We are of the opinion that the foregoing facts were sufficient
to support the Tax Court's finding that the wife was not a partner
in the business. [
Footnote 4] A
partnership is generally said to be created when persons join
together their money, goods, labor, or skill for the purpose of
carrying on a trade, profession, or business and when there is
community of interest in the profits and losses. [
Footnote 5] When the existence of
Page 327 U. S. 287
an alleged partnership arrangement is challenged by outsiders,
the question arises whether the partners really and truly intended
to join together for the purpose of carrying on business and
sharing in the profits or losses or both. And their intention in
this respect is a question of fact, to be determined from testimony
disclosed by their "agreement, considered as a whole, and by their
conduct in execution of its provisions."
Drennen v. London
Assurance Co., 113 U. S. 51,
113 U. S. 56;
Cox v. Hickman, 8 H.L.Cas. 268. We see no reason why this
general rule should not apply in tax cases where the government
challenges the existence of a partnership for tax purposes.
[
Footnote 6] Here, the Tax
Court, acting pursuant to its authority in connection with the
enforcement of federal laws, has found from testimony before it
that respondent and his wife did not intend to carry on business as
a partnership. This finding of fact, since supported by evidence,
is final.
Commissioner v. Heininger, 320 U.
S. 467,
320 U. S. 475;
Dobson v. Commissioner, 320 U. S. 489. The
decision of the Tax Court was therefore correct unless, as
respondent contends, the Tax Court erroneously disregarded or
improperly applied certain legal principles.
Respondent contends that the partnership arrangement here in
question would have been valid under Michigan law, and argues that
the Tax Court should consequently have held it valid for tax
purposes also. But the Tax Court in making a final authoritative
finding on the question whether this was a real partnership is not
governed by how Michigan law might treat the same circumstances for
purposes of state law. Thus, Michigan could and might decide that
the stock transfer here was sufficient under state law to pass
title to the wife, so that, in the
Page 327 U. S. 288
event of her death it would pass to whatever members of her
family would be entitled to receive it under Michigan's law of
descent and distribution . But Michigan cannot, by its decisions
and laws governing questions over which it has final say, also
decide issues of federal tax law, and thus hamper the effective
enforcement of a valid federal tax levied against earned income.

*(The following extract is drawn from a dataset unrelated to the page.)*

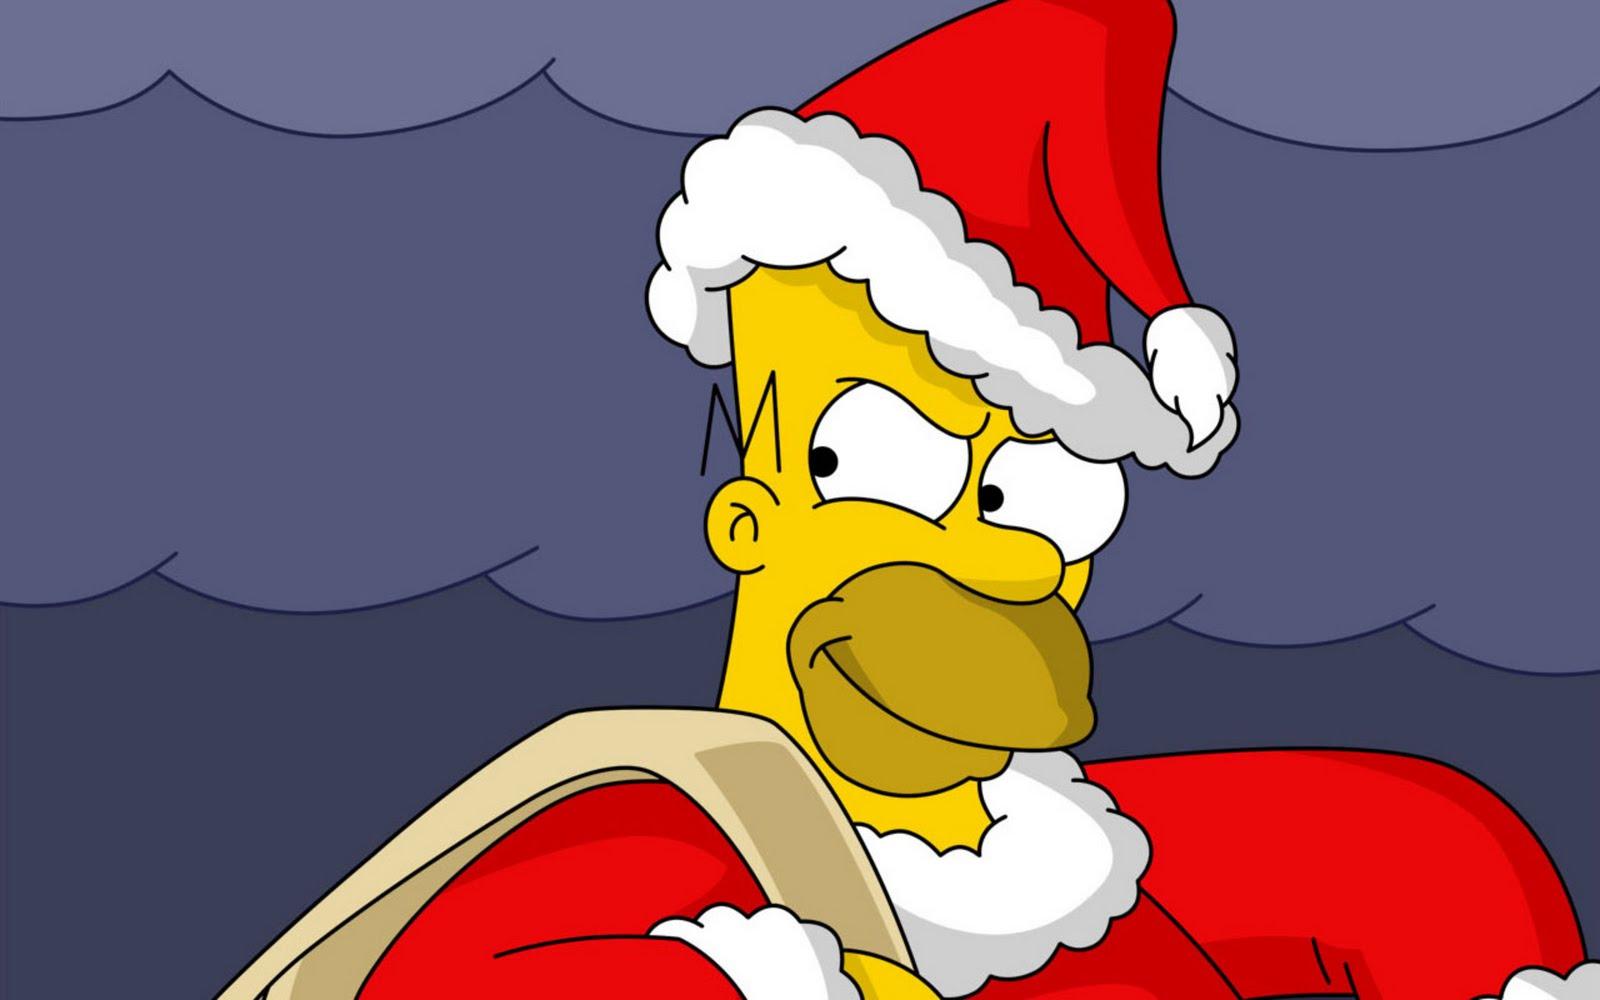 ... - Homer Simson - dibujos animados - Santa Claus - gorros - wallpaper
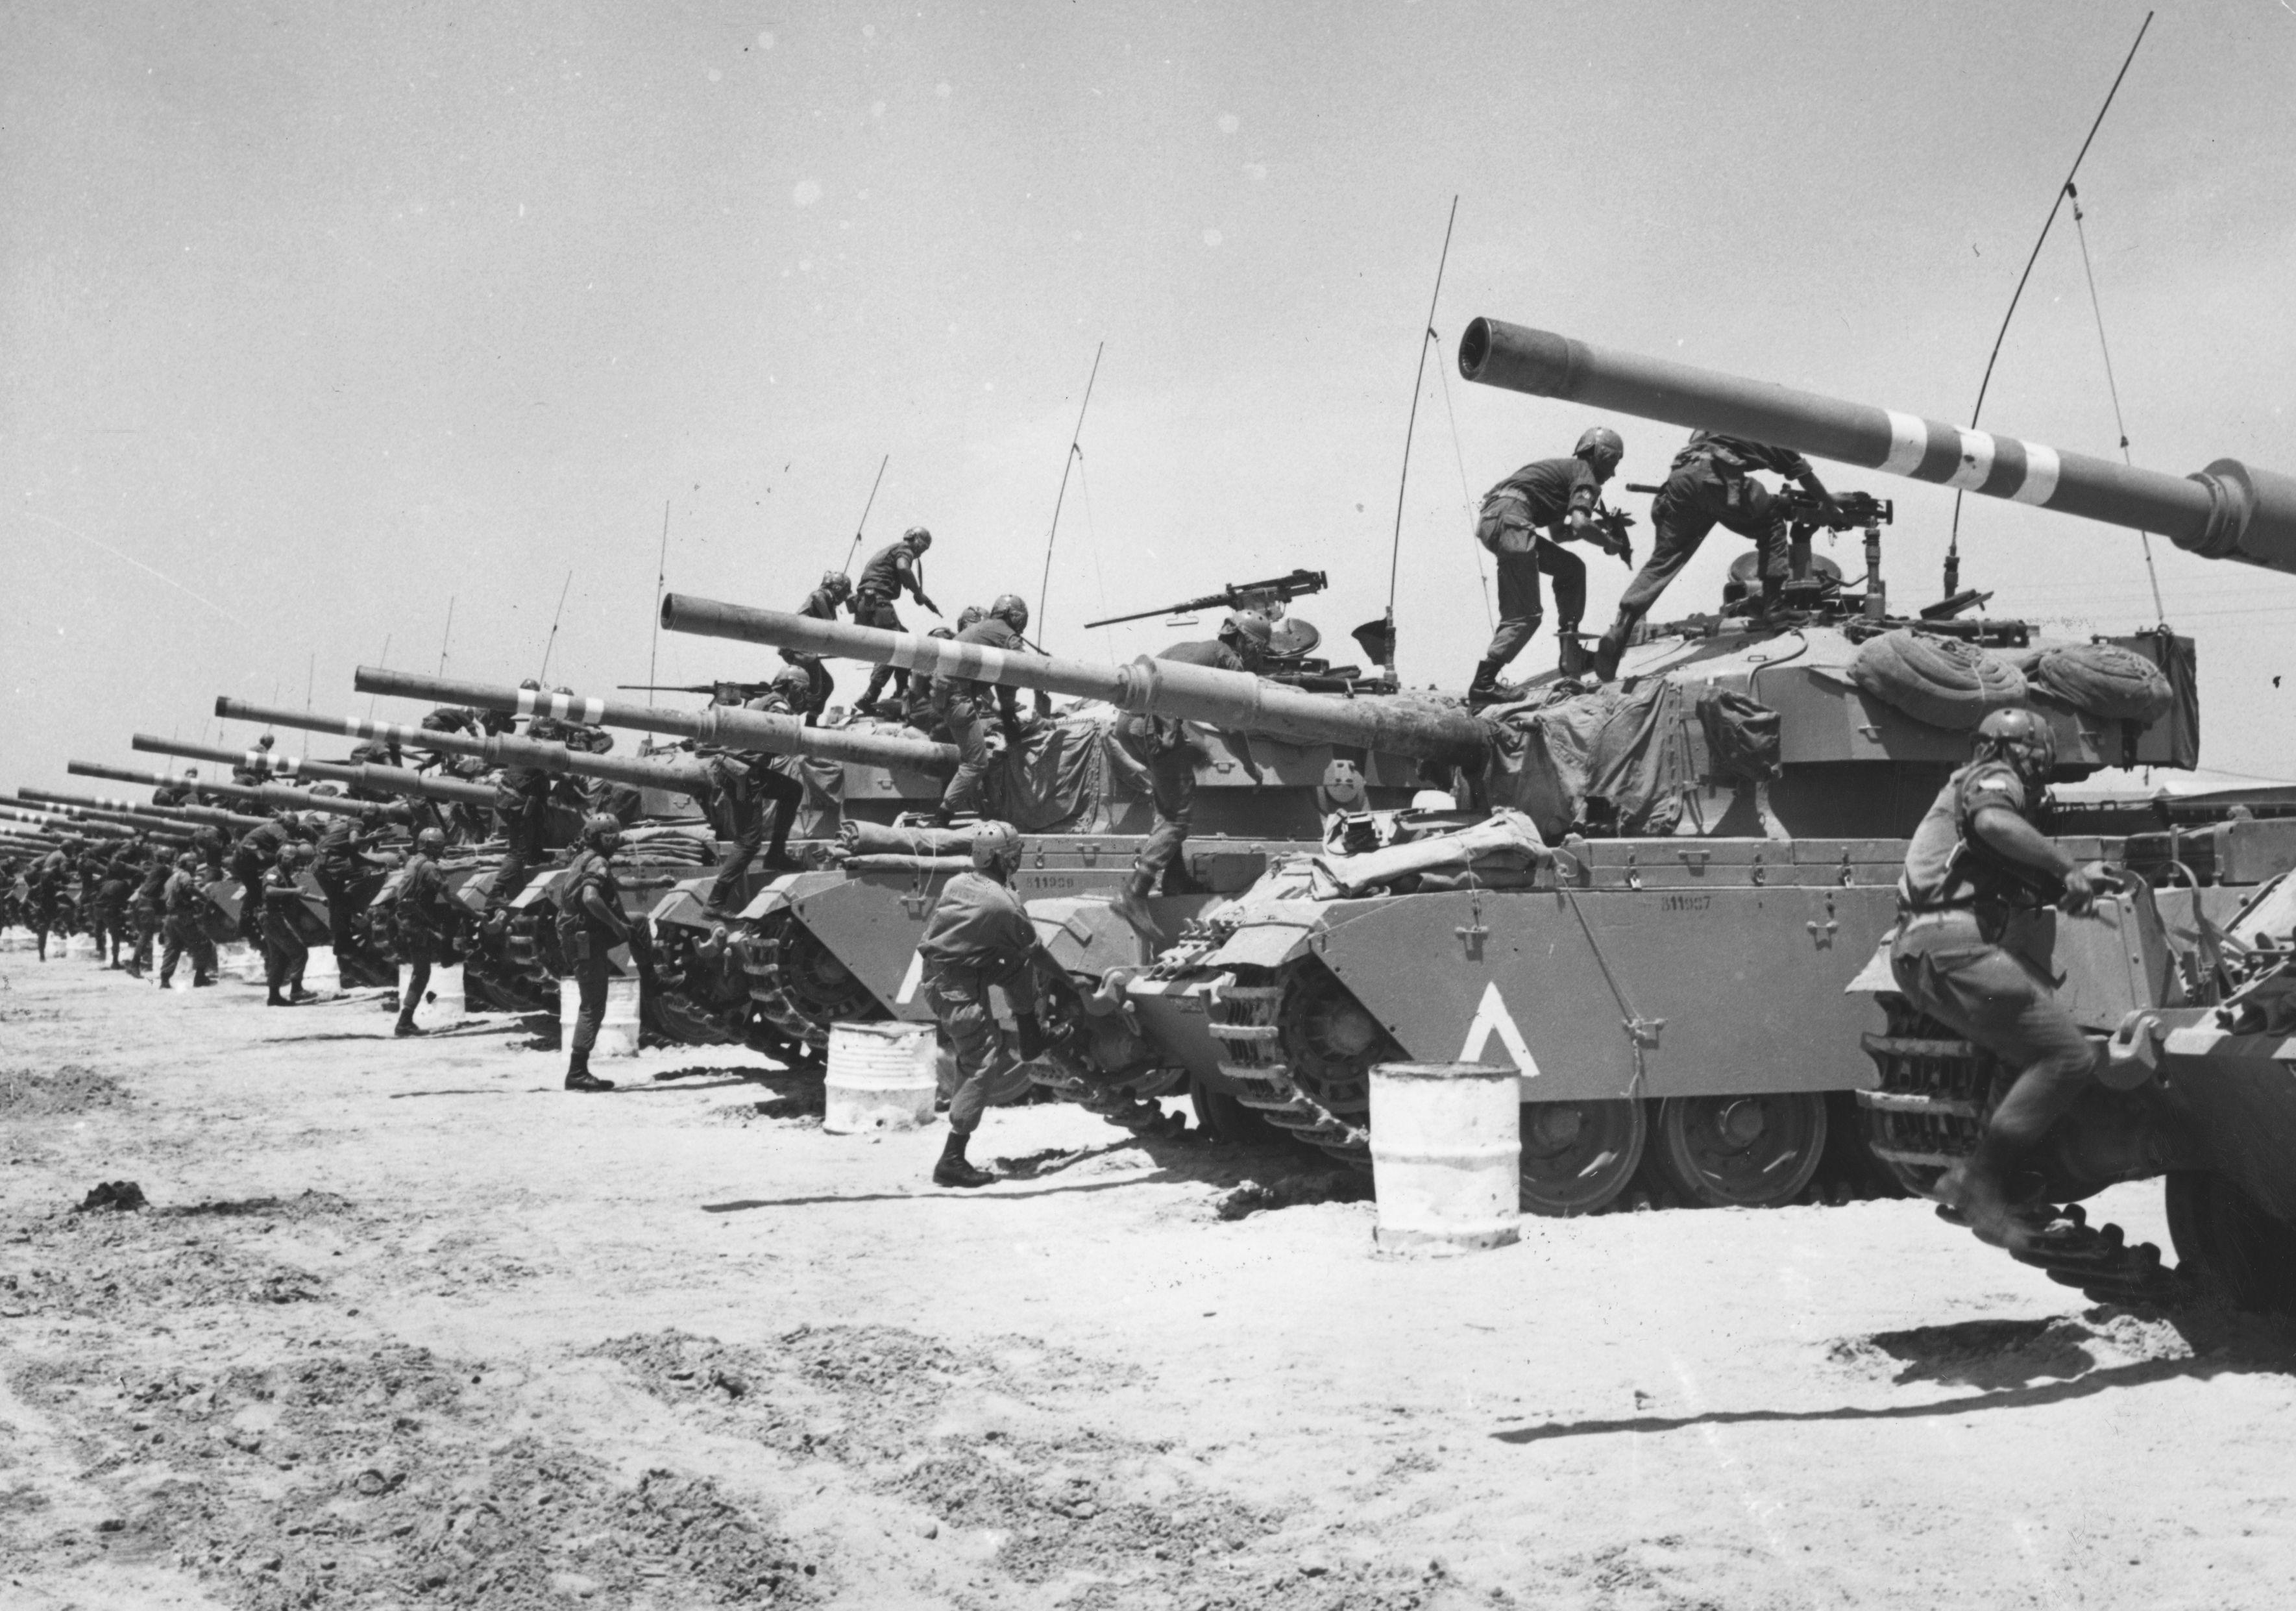 تقرير مؤتمر خمسون عامًا على حرب حزيران/ يونيو 1967: مسارات الحرب وتداعياتها

The contention was rejected in
Lucas v. Earl, 281 U.
S. 111. There, husband and wife made an agreement for
joint ownership of the husband's future income. Assuming that the
husband's future earnings were, under California law, considered as
partly owned by the wife, this Court refused to accept the state's
concept of the effect of the agreement which would have reduced the
federal tax on income actually earned by the husband. And, in
Helvering v. Clifford, 309 U. S. 331,
309 U. S.
334-335, we held that the purpose of 26 U.S.C. § 22(a)
to tax all income against the person who controlled its
distribution could not be frustrated by family group arrangements,
even though the distribution arrangements were valid for state law
purposes. The statutes of Congress designed to tax income actually
earned because of the capital and efforts of each individual member
of a joint enterprise are not to be frustrated by state laws which,
for state purposes, prescribe the relations of the members to each
other and to outsiders.
Cf. Burk-Waggoner Oil Assn. v.
Hopkins, 269 U. S. 110,
269 U. S. 114.
Respondent contends that the Tax Court's holding that he is
taxable for the profits from the partnership is contrary to a
principle long recognized by this Court that
"The legal right of a taxpayer to decrease the amount of what
would otherwise be his taxes, or altogether avoid them, by means
which the law permits, cannot be doubted."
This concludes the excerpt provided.